- Genre: Drama
- Screenplay by: Christopher Lofton
- Directed by: James Keach
- Starring: Jane Seymour Keith Carradine James Keach
- Theme music composer: Charles Bernstein
- Countries of origin: United States Canada
- Original language: English

Production
- Cinematography: Roland Smith
- Editor: Heidi Scharfe
- Running time: 115 mins
- Production companies: Catfish Productions Hallmark Entertainment Distribution Company

Original release
- Network: Showtime
- Release: April 23, 2000

= Enslavement: The True Story of Fanny Kemble =

Enslavement: The True Story of Fanny Kemble is a 2000 American television film starring Jane Seymour and directed by James Keach.
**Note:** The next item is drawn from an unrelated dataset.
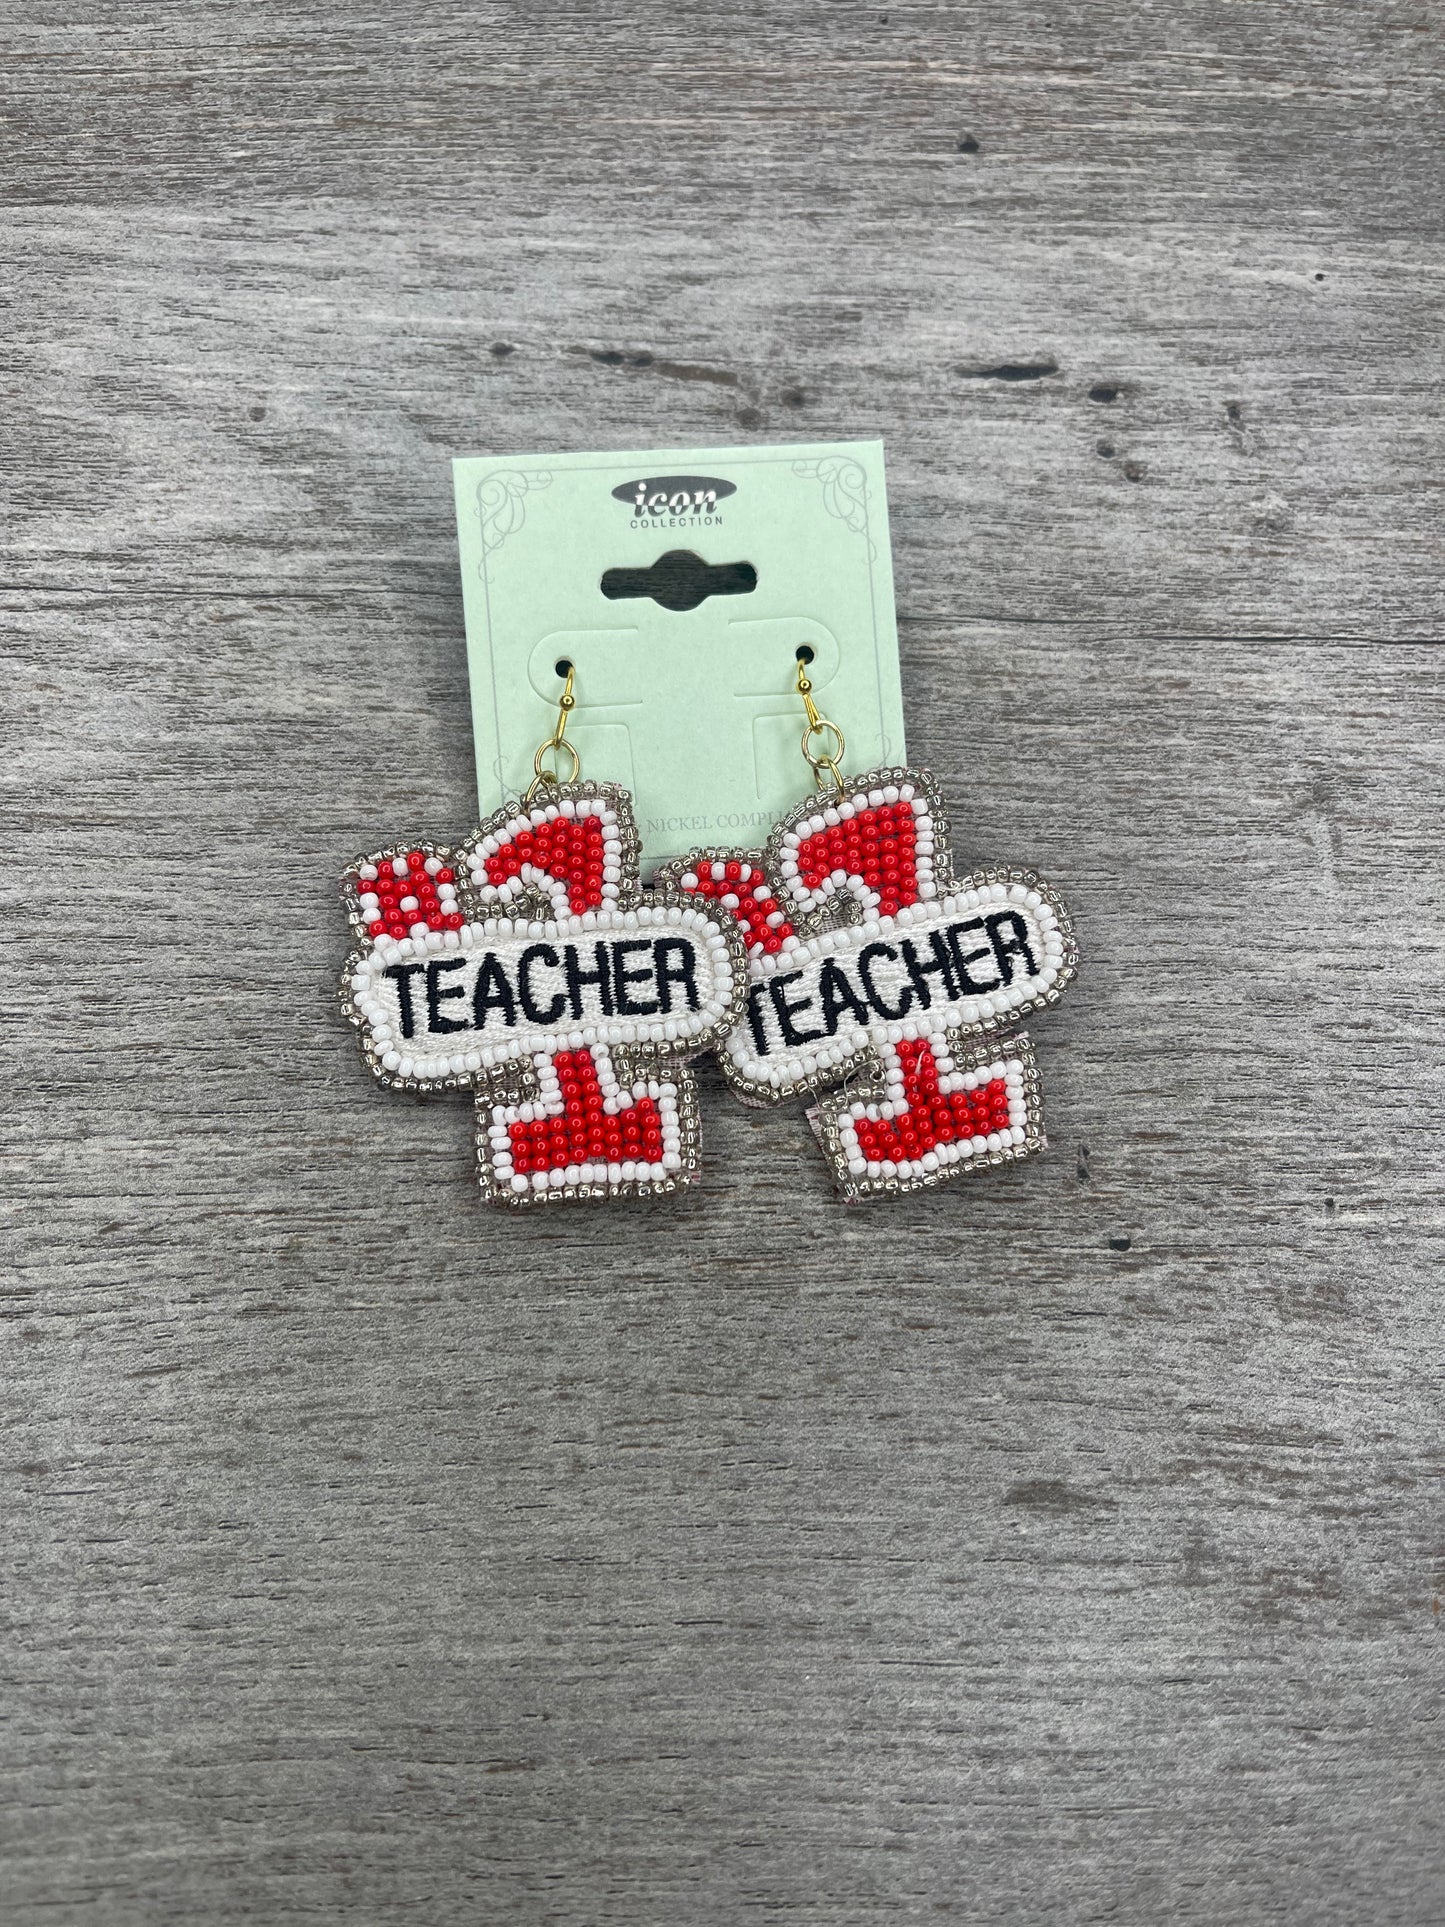 #1 Teacher Earrings

It depicts the life of British actress and abolitionist Fanny Kemble, who sees first-hand the horrors of slavery when she marries an American plantation owner. Her published diaries in the form of personal accounts are shown to influence the British government's decision to withhold support of the Confederacy during the American Civil War. Keith Carradine co-stars as Fanny's husband Pierce Butler, with Keach, Adewale Akinnuoye-Agbaje, and Colin Fox also appearing.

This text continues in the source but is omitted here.